Independent variables the variance of the function f(x) is calculated with the formula

In our case, as f(x) are formulas for cosβ, tgθ, φ_{0}. As x_{i}perform all other variables included in the formula. For example:; then f(x)=cosβ, P_{1}≡x_{z}; φ_{0}≡x_{2}; cosθ≡x_{3}.

The computer sets the matrix and the formula (3), the computer generates two numbers with their standard deviations:_{0}=α_{2}. Thenand φ_{0}=α_{2};.

You can do anything else, record the functionality of the method of least squares for second system:

to minimize

Then the value tgθ is found from the condition$$$\frac{\partial F}{\partial tg\theta}=0$$$
; φ_{0}- from the condition.

In the computer the bearings and an initial phase signals and their errors are calculated by explicit formulas and do not require much time.

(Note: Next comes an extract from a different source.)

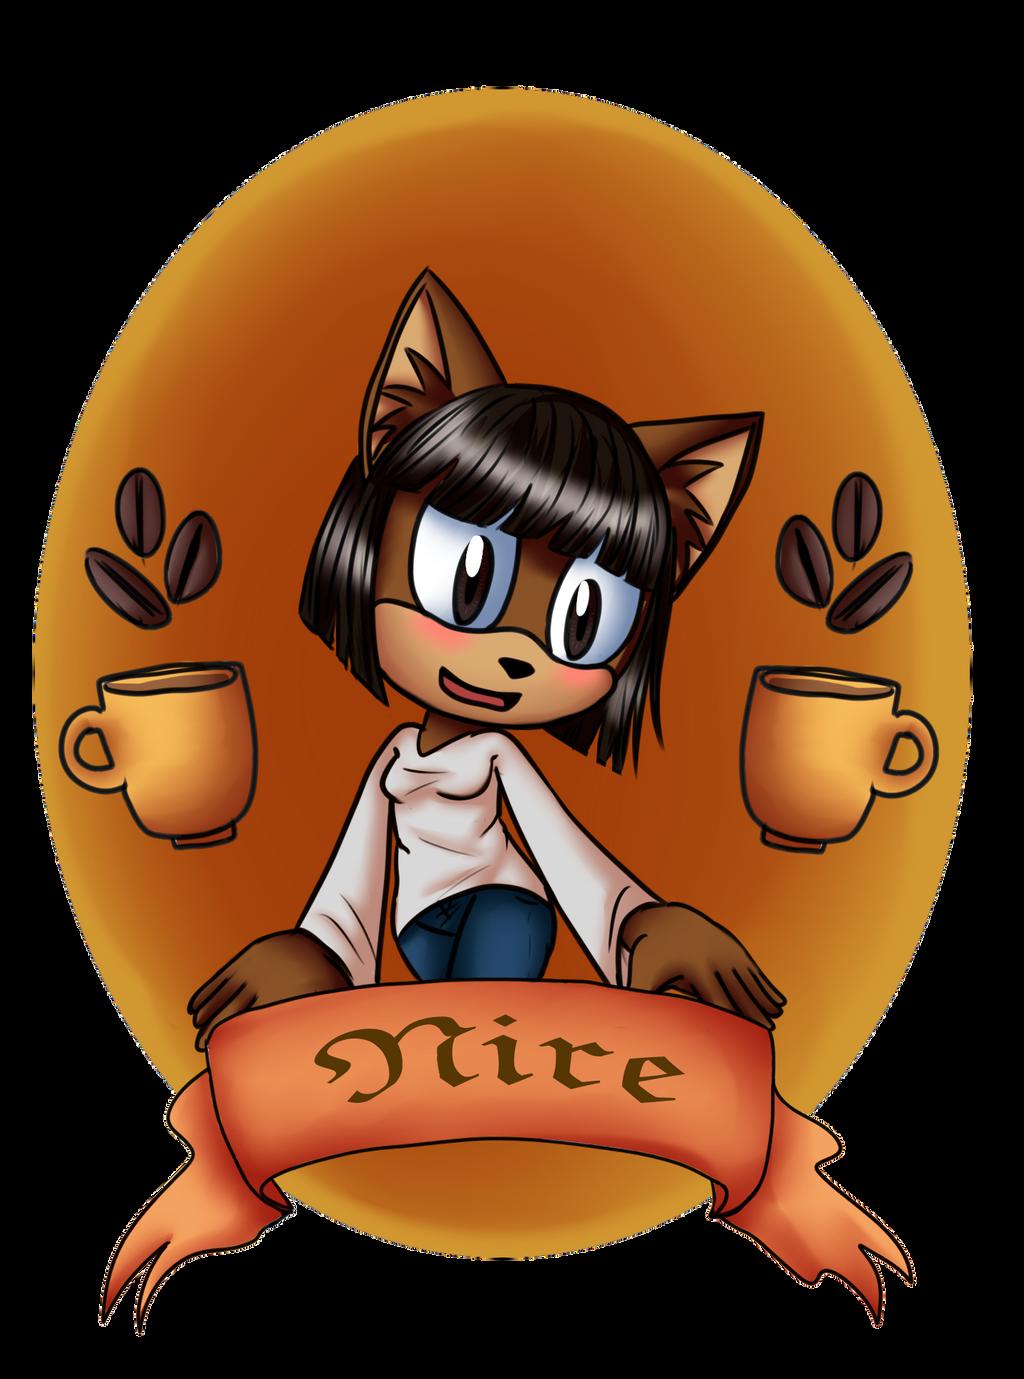 Nire the cat by lizathehedgehog

Let's see the results the obtained values of the azimuthal bearing of θ and pomestnogo bearing β of the proposed method using three elements of the MSS (the first three equations). According to the proposed method, the bearing θ is equal to

Let us consider a numerical example.

On circular AC of radius 50 m at a frequency of 1 MHz when the ratio signal/noise ratio equal to 10, the registered signal. On the first three vibrators registered the following phases: P_{1}=35 deg., P_{2}=P_{3}=45,98 deg. The angle between the elements of the AU γ_{m}equal to 30 degrees. Insert the source data into the formula

For a first vibrator will receive:

Similarly, for the second - 45,98=60 cos(θ-30)cosβ+φ_{0};

for third - 45,98=60 cos(θ-60)cosβ+φ_{0}.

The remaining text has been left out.